--- What you will do ---
Pictures in the listing below are skipped, while the lines from the "HP stainless steel" line through the "Sliderbild Emtmannsberg mit Ortsbezeichnung" line are returned word for word.

--- Material to process ---
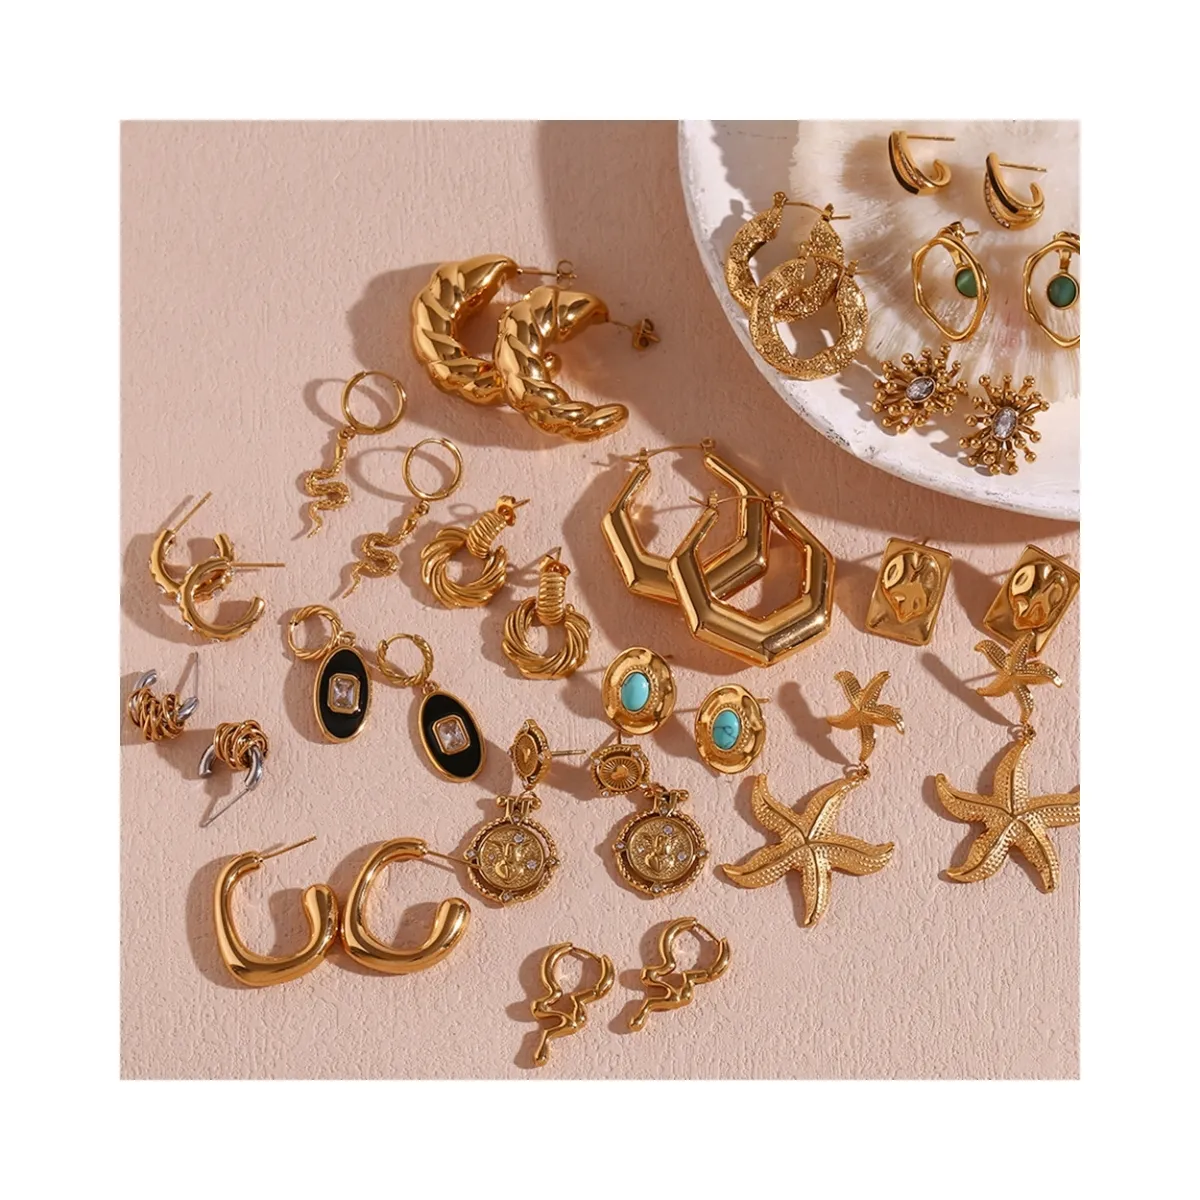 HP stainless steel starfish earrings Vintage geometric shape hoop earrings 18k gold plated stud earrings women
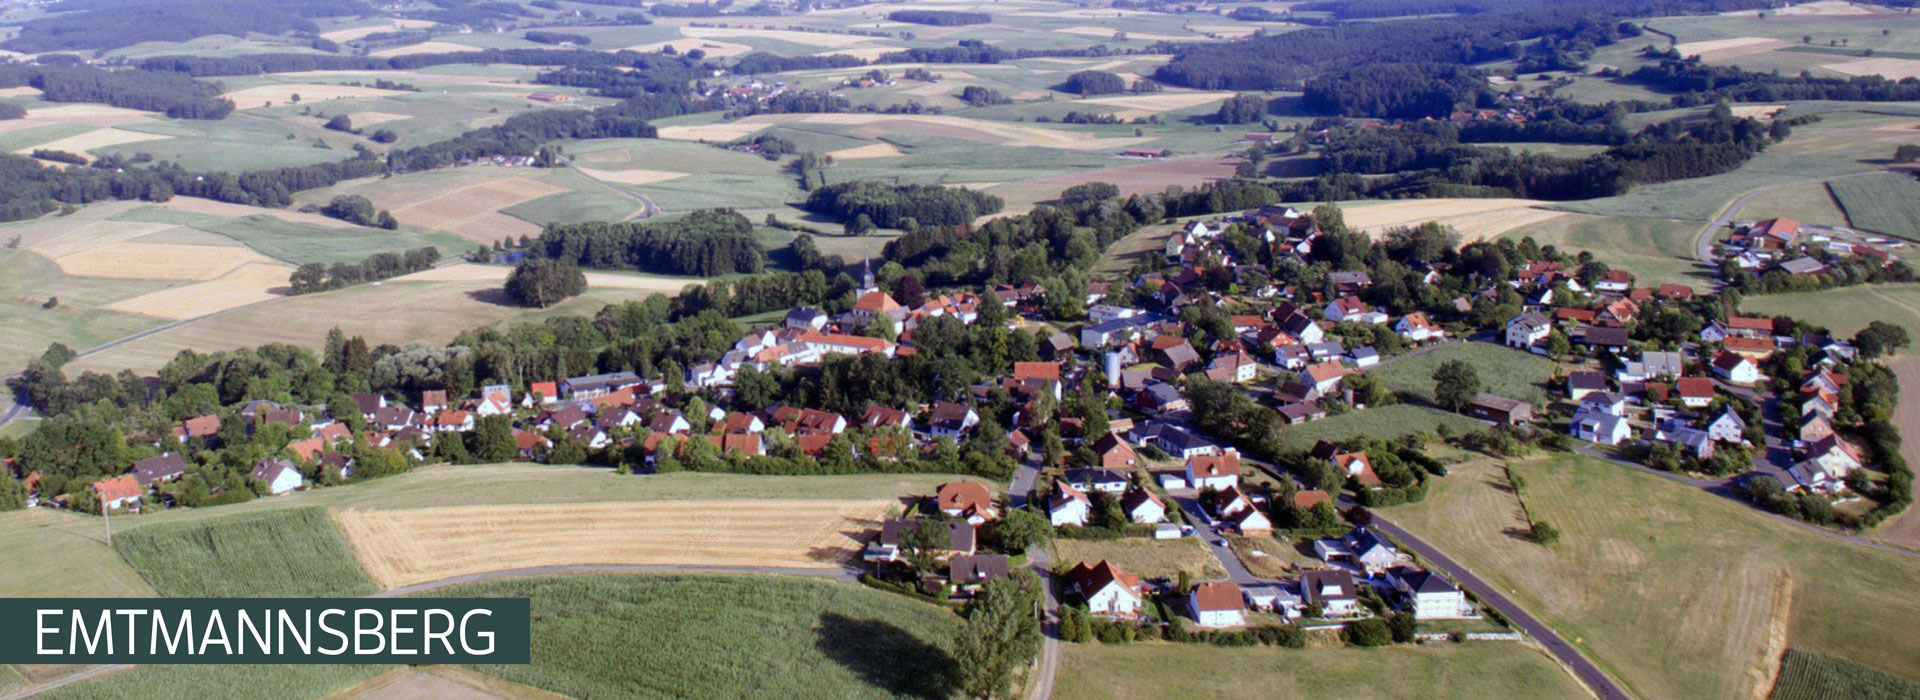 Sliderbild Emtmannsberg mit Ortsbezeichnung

* * *

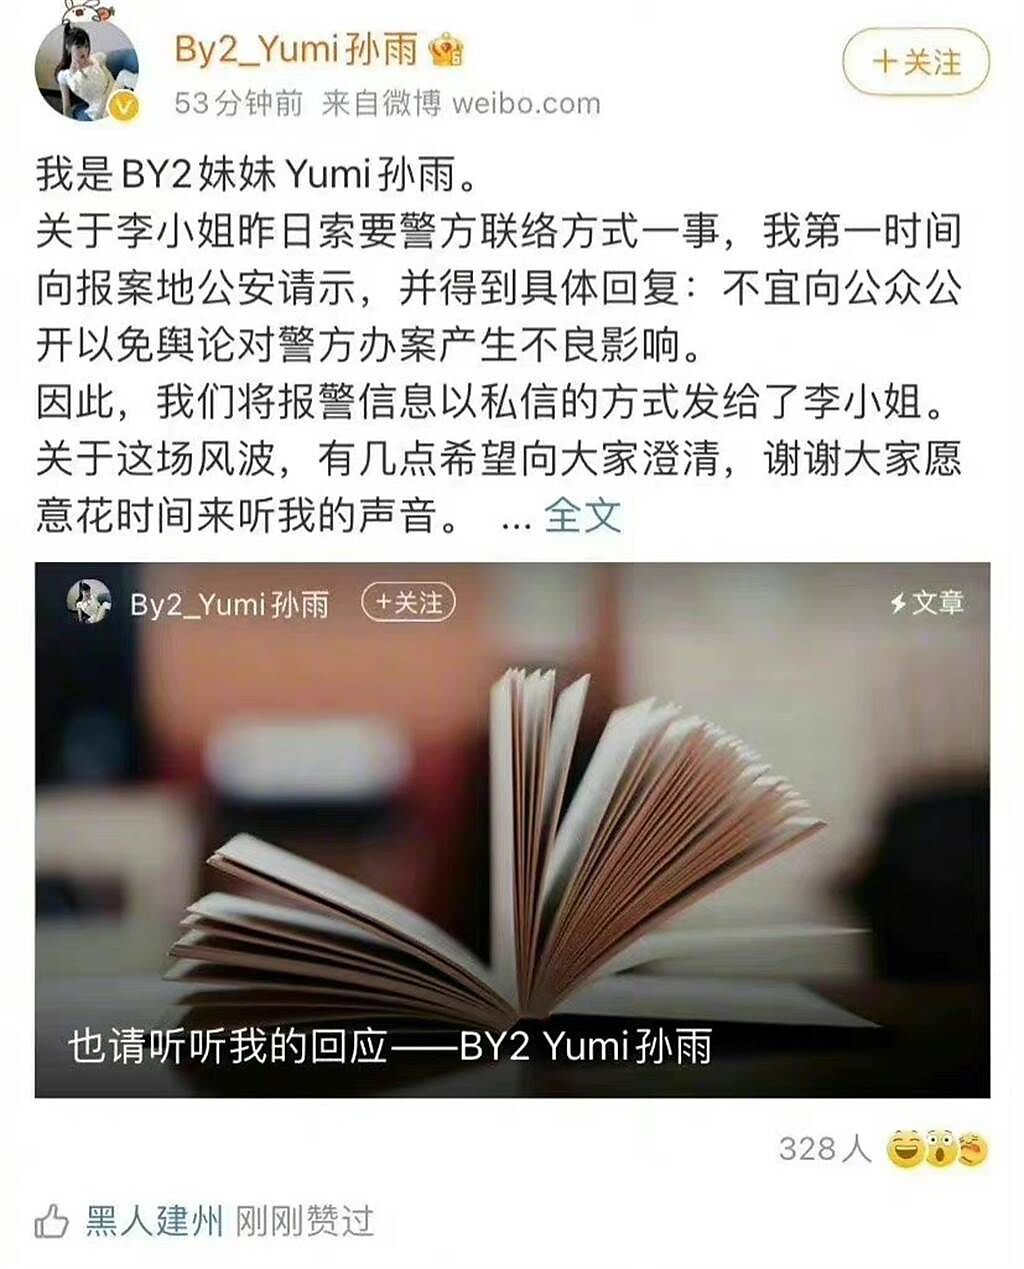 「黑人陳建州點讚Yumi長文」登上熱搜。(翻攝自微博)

--- Exercise answer ---
 HP stainless steel starfish earrings Vintage geometric shape hoop earrings 18k gold plated stud earrings women
 Sliderbild Emtmannsberg mit Ortsbezeichnung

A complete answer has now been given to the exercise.